The most frequent geometry is copied into the primary superblock. The
return value is checked by the caller (phase1()) to determine whether a
brute force secondary scan is necessary.
This generally occurs when not enough secondary sb's are consistent to
declare the geometry correct. If enough secondaries are consistent,
verify_set_primary_sb() returns the status of the last secondary sb that
was scanned. Corruptions to secondary supers other than the last are
thus resolved fine. If the last secondary is corrupt, however, an error
is returned to phase1(). This causes a brute force scan even if enough
supers were found to repair the last secondary.
Move the initialization of retval to after the sb scan to return an
error only if not enough secondary supers were found to declare a
correct geometry.
Signed-off-by: Brian Foster <bfoster@redhat.com>
---
repair/sb.c | 4 ++--
1 file changed, 2 insertions(+), 2 deletions(-)

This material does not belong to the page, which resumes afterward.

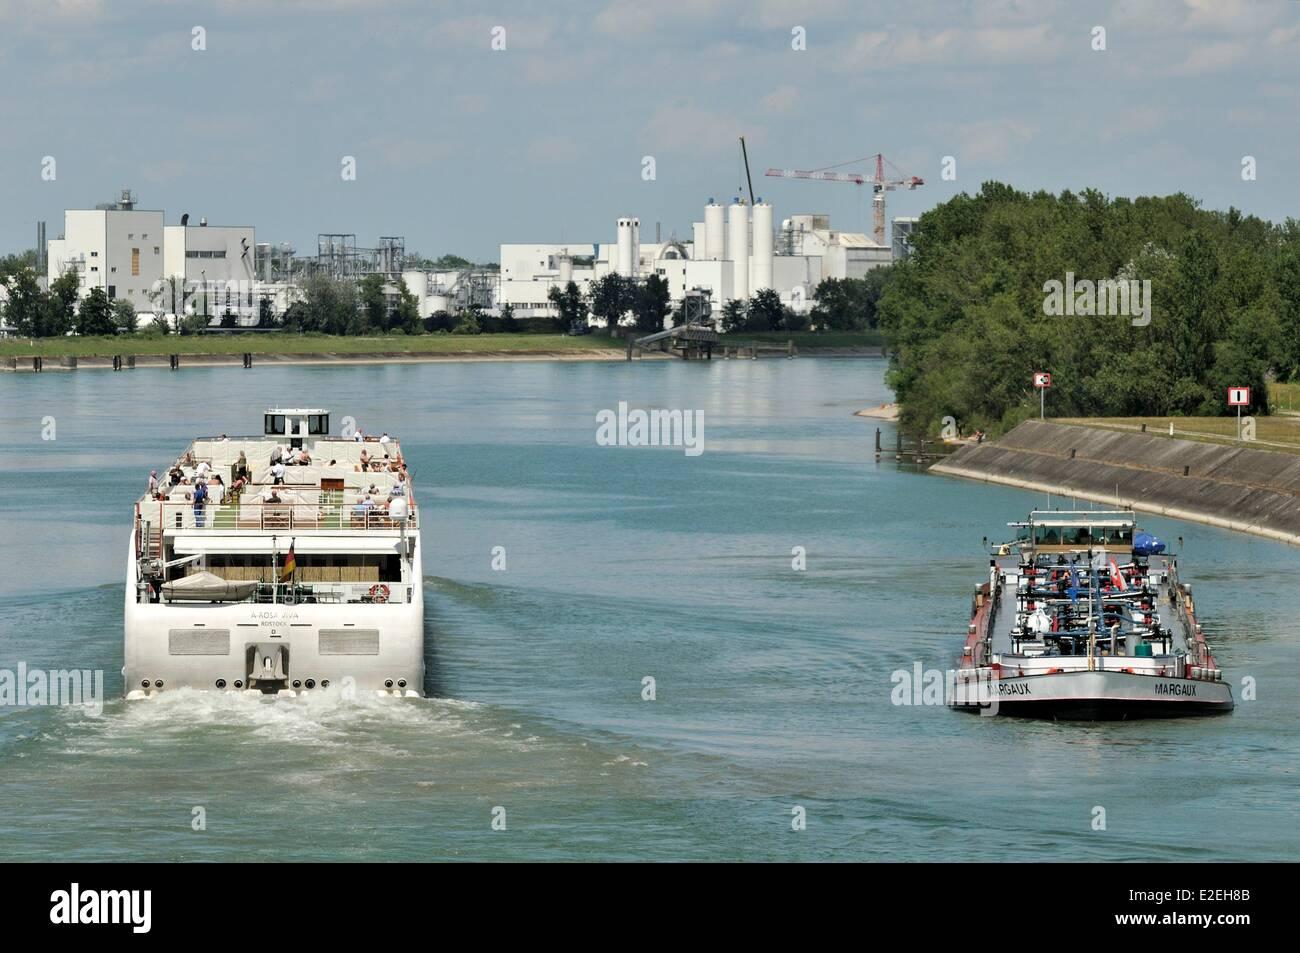 France, Bas Rhin, Marckolsheim, Grand Canal d Alsace, Marckolsheim port, ships - Stock Image

diff --git a/repair/sb.c b/repair/sb.c
index ad27756..dc154f7 100644
--- a/repair/sb.c
+++ b/repair/sb.c
@@ -724,7 +724,6 @@ verify_set_primary_sb(xfs_sb_t *rsb,
* sector size rather than the sector size in @rsb.
*/
size = NUM_AGH_SECTS * (1 << (XFS_MAX_SECTORSIZE_LOG));
- retval = 0;
list = NULL;
num_ok = 0;
*sb_modified = 0;
@@ -779,6 +778,7 @@ verify_set_primary_sb(xfs_sb_t *rsb,
/*
* see if we have enough superblocks to bother with
*/
+ retval = 0;
if (num_ok < num_sbs / 2) {
retval = XR_INSUFF_SEC_SB;
goto out_free_list;
@@ -868,5 +868,5 @@ out_free_list:
free_geo(list);
free(sb);
free(checked);
- return(retval);
+ return retval;
}
--
1.8.3.1
_______________________________________________
xfs mailing list
xfs@oss.sgi.com
http://oss.sgi.com/mailman/listinfo/xfs
^ permalink raw reply related [flat|nested] 6+ messages in thread
* [PATCH 2/2] repair: remove unused strided secondary sb scan logic
2015-01-13 20:08 [PATCH 0/2] xfsprogs/repair: secondary sb scan cleanups Brian Foster
2015-01-13 20:08 ` [PATCH 1/2] repair: fix unnecessary secondary scan if only last sb is corrupt Brian Foster
@ 2015-01-13 20:08 ` Brian Foster
2015-01-15 23:15 ` Eric Sandeen
1 sibling, 1 reply; 6+ messages in thread
From: Brian Foster @ 2015-01-13 20:08 UTC (permalink / raw)
To: xfs
verify_set_primary_sb() scans and verifies secondary superblocks based
on the primary sb. It currently defines a maximum number of 8
superblocks to scan per iteration. It also implements a strided
algorithm that appears intended to ultimately scan every secondary,
albeit in a strided order.
Given that the algorithm is written to hit every sb and the stride value
is initialized as follows:
num_sbs = MIN(NUM_SBS, rsb->sb_agcount);
skip = howmany(num_sbs, rsb->sb_agcount);
... which is guaranteed to be 1 since the howmany() parameters are
backwards, the strided algorithm doesn't appear to accomplish anything
that can't be done with a simple for loop. In other words, despite the
max value and strided algorithm, repair always scans all of the
secondary superblocks in incremental order.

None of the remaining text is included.